Output each line of the listing exactly, though pictures are not to appear.

* **Data extract**
--------
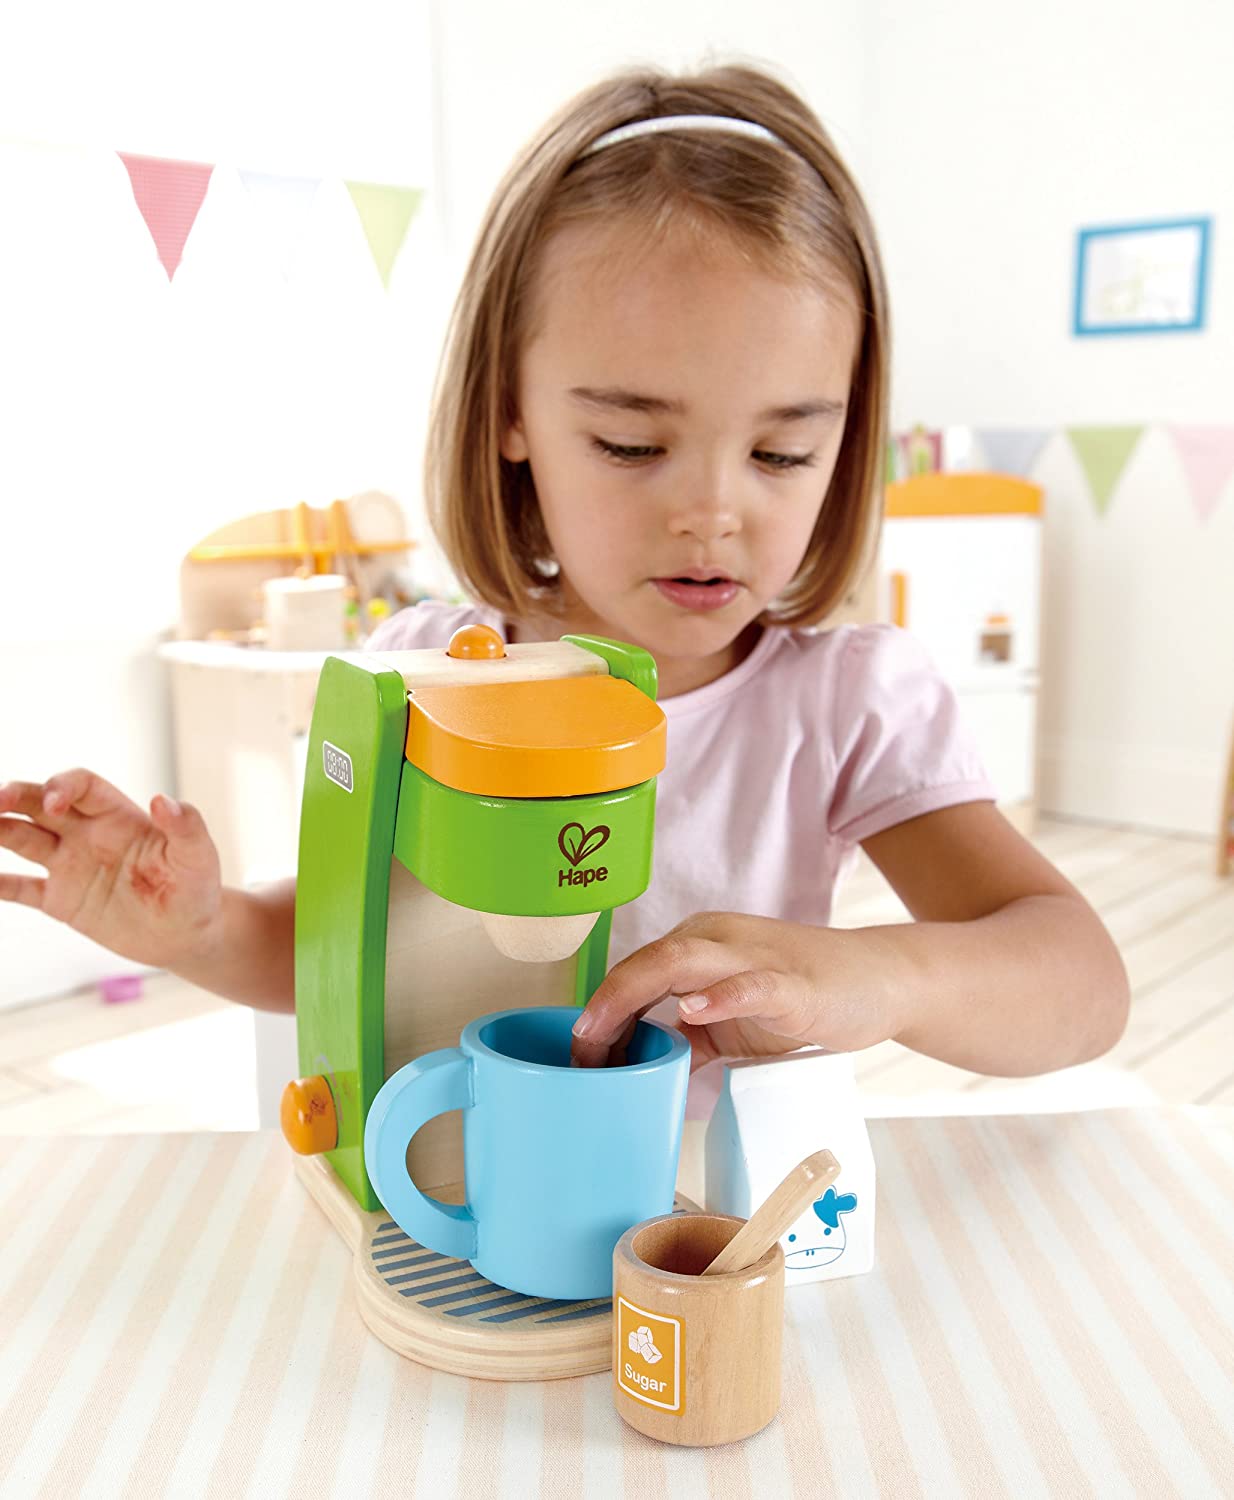 Hape Mighty Mixer Wooden Play Kitchen Set with Accessories
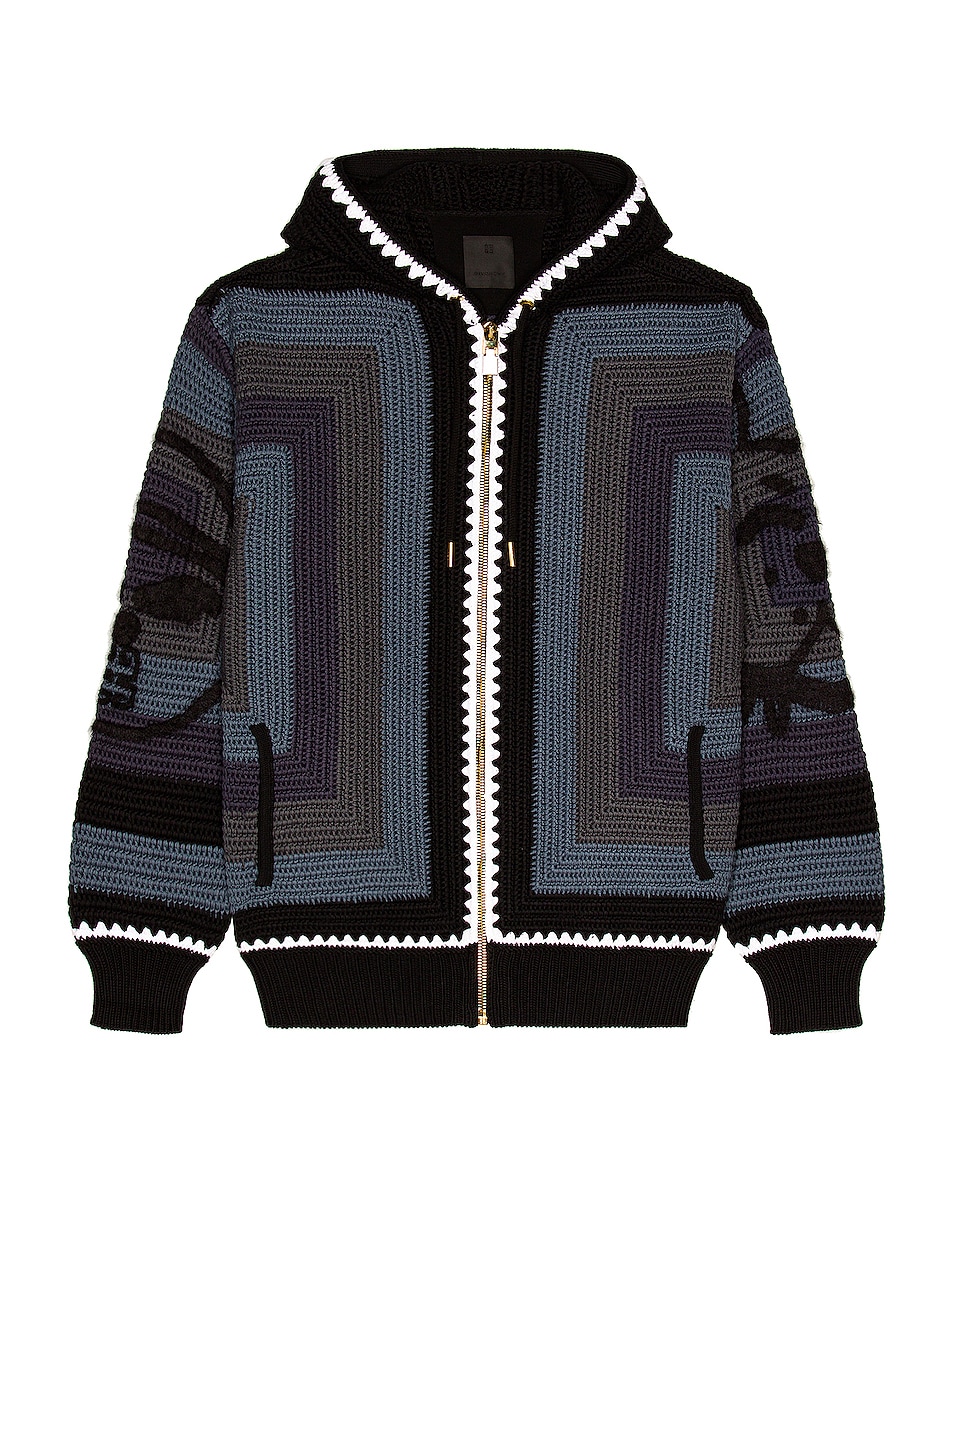 Image 1 of Givenchy Crochet Blouson in Black & Blue
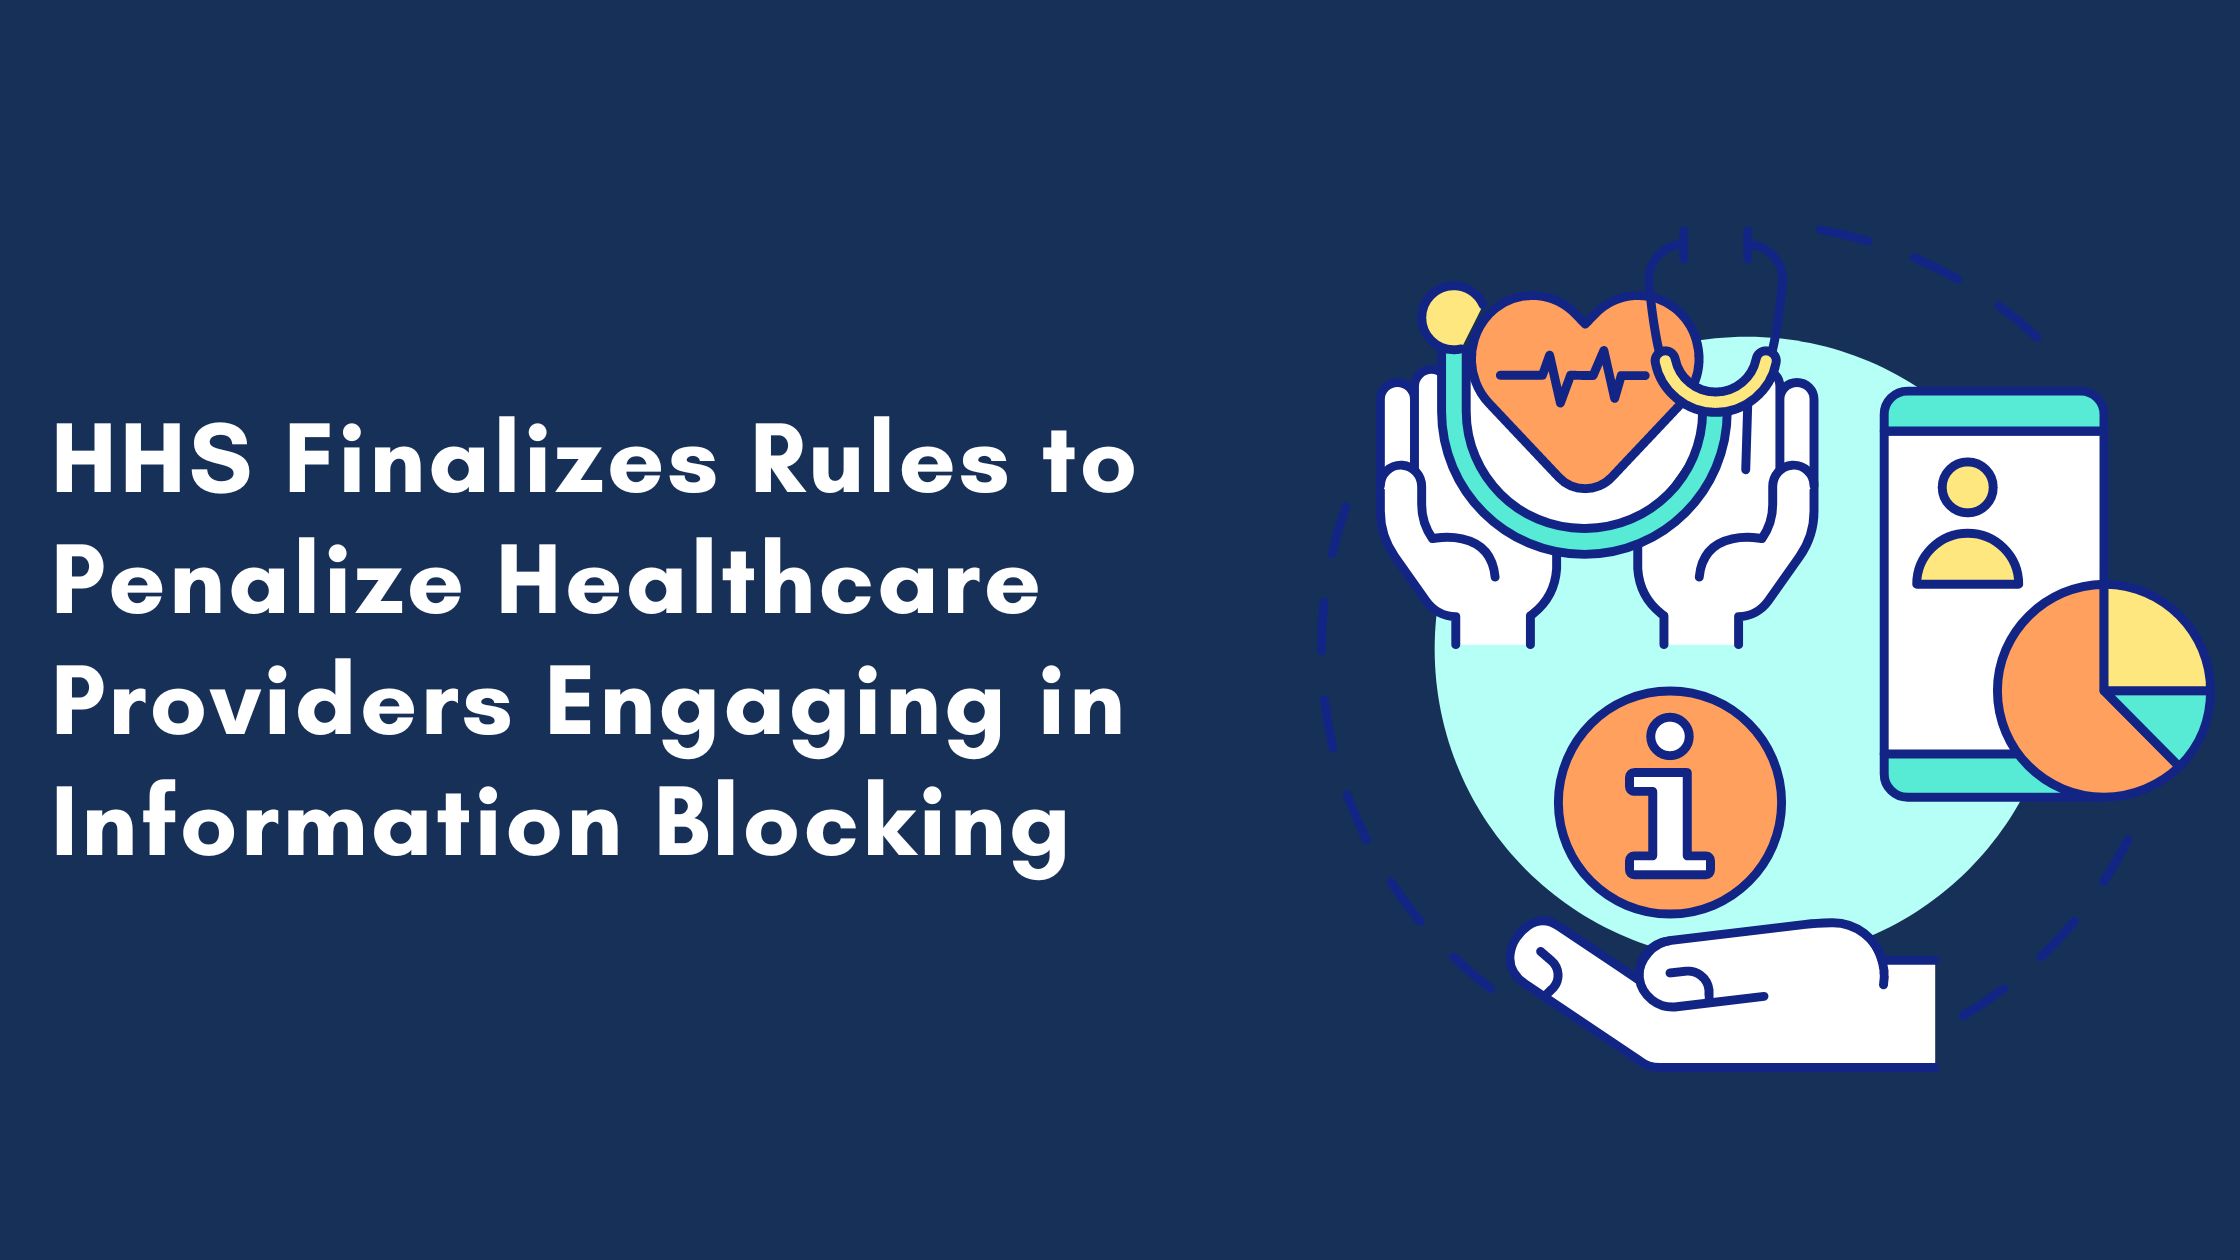 HHS Finalizes Rules to Penalize Healthcare Providers Engaging in Information Blocking
--------
* **Expected answer**
 Hape Mighty Mixer Wooden Play Kitchen Set with Accessories
 Image 1 of Givenchy Crochet Blouson in Black & Blue
 HHS Finalizes Rules to Penalize Healthcare Providers Engaging in Information Blocking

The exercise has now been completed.